Medical doctor and professor Dr. Joycelyn Elders was born on August 14, 1933 in Schaal, Arkansas to Curtis Jones and Haller Reed Jones. Elders attended Howard County Training School in Tollette, Arkansas in 1942. She earned a four-year scholarship to attend Philander Smith College in Little Rock, Arkansas where she received her B.S. degree in biology in 1952. In 1960, Elders earned her M.D. degree and her M.S. degree in biochemistry in 1967 from the University of Arkansas for Medical Sciences in Little Rock, Arkansas. In 1978, Elders earned her certification as a pediatric endocrinologist.
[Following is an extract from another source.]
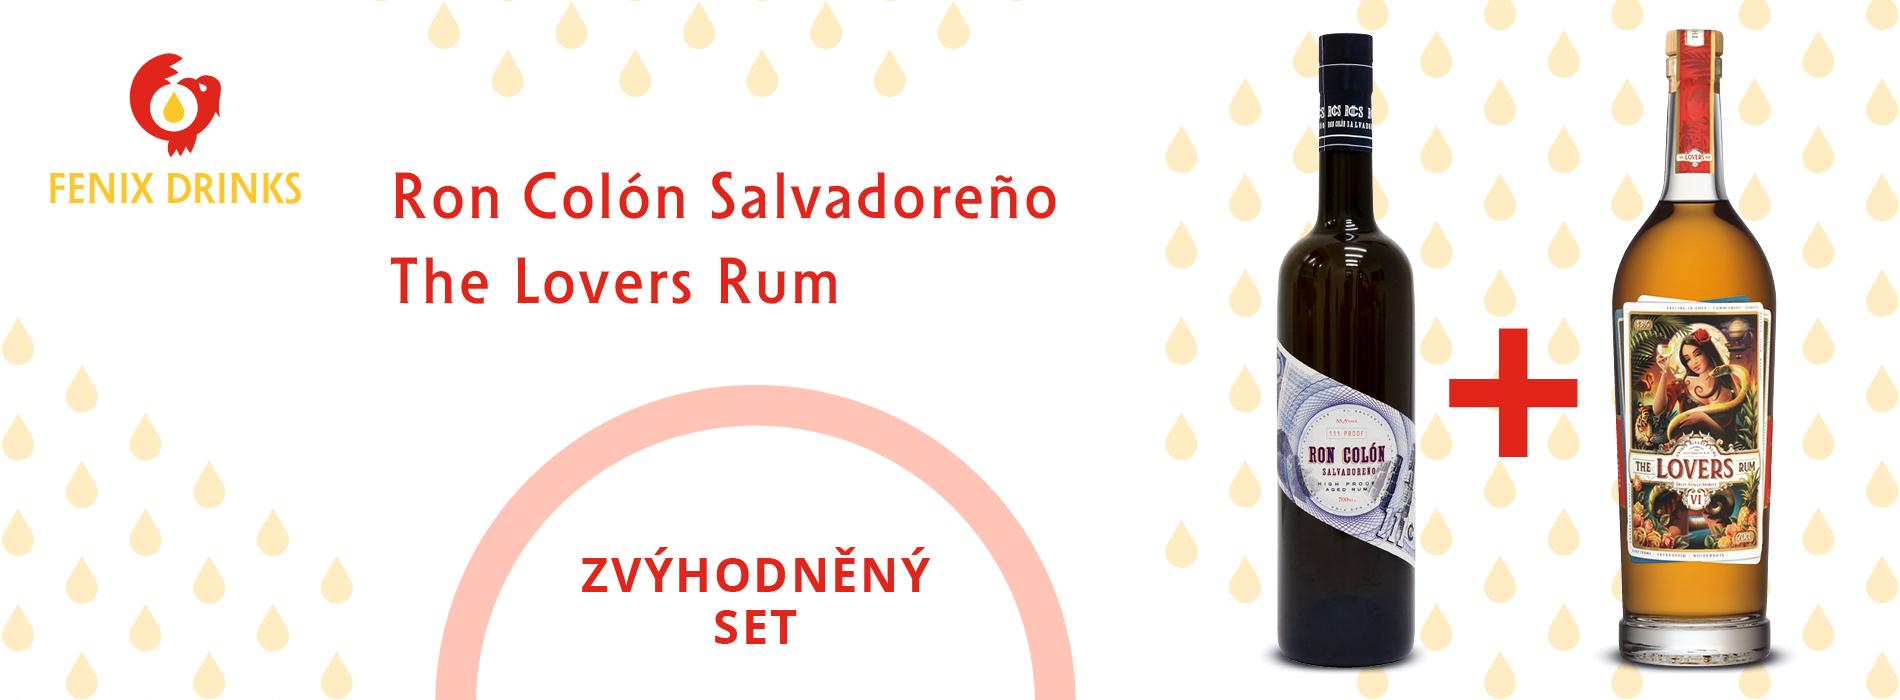 Akční set The Lovers Rum a Dark Aged Ron Colón Salvadoreño.

After she earned her M.D. degree, Elders began a pediatric internship at the University of Minnesota in St. Paul, Minnesota. She became the chief resident at the University of Arkansas Medical School in 1963. Elders was hired as an assistant professor at the University of Arkansas in 1971 and was promoted to the position of professor in 1976. In 1987, Arkansas Governor Bill Clinton appointed Elders as director of the Arkansas Department of Health. She then became the 15th Surgeon General of the United States under President Clinton in 1993. As Surgeon General, Elders focused on women’s reproductive health care and promoted sex, alcohol, drug, and tobacco education in public schools. She resigned from that position in 1994 and returned to the University of Arkansas, where she worked as a professor of pediatric endocrinology. In 2002, Elders retired from the University of Arkansas Medical Center. In 2016, the Jocelyn Elders Clinic was established in Kisinga, Uganda. The clinic served students at Garama Humanist Secondary School, and promoted sex education and treated students that suffered from diseases such as malaria.
During her career, Elders published over one hundred academic papers that related to insulin resistance and other endocrine disorders. In 1997, she published her memoir, From Sharecroppers’ Daughter to Surgeon General of the United States of America.
Elders was the recipient of the Woman of Distinction Award from Worthen Bank in 1987, the Arkansas Democrat Woman of the Year from Statewide Newspaper in 1998, and the Candace Award from the National Coalition of 100 Black Women in 1991. She was inducted into the Arkansas Women’s Hall of Fame in 2016. Elders also received the Career Development Award from the National Institute of Health. In 2009, The Joycelyn Elders Chair in Sexual Health Education was established at the University of Minnesota Medical School.
In 1992, Elders was elected president of the Association of State and Territorial Health Officers. She was also a board member for the National Center for Healthy Housing.
Dr. Joycelyn Elders was interviewed by The HistoryMakers on September 20, 2017.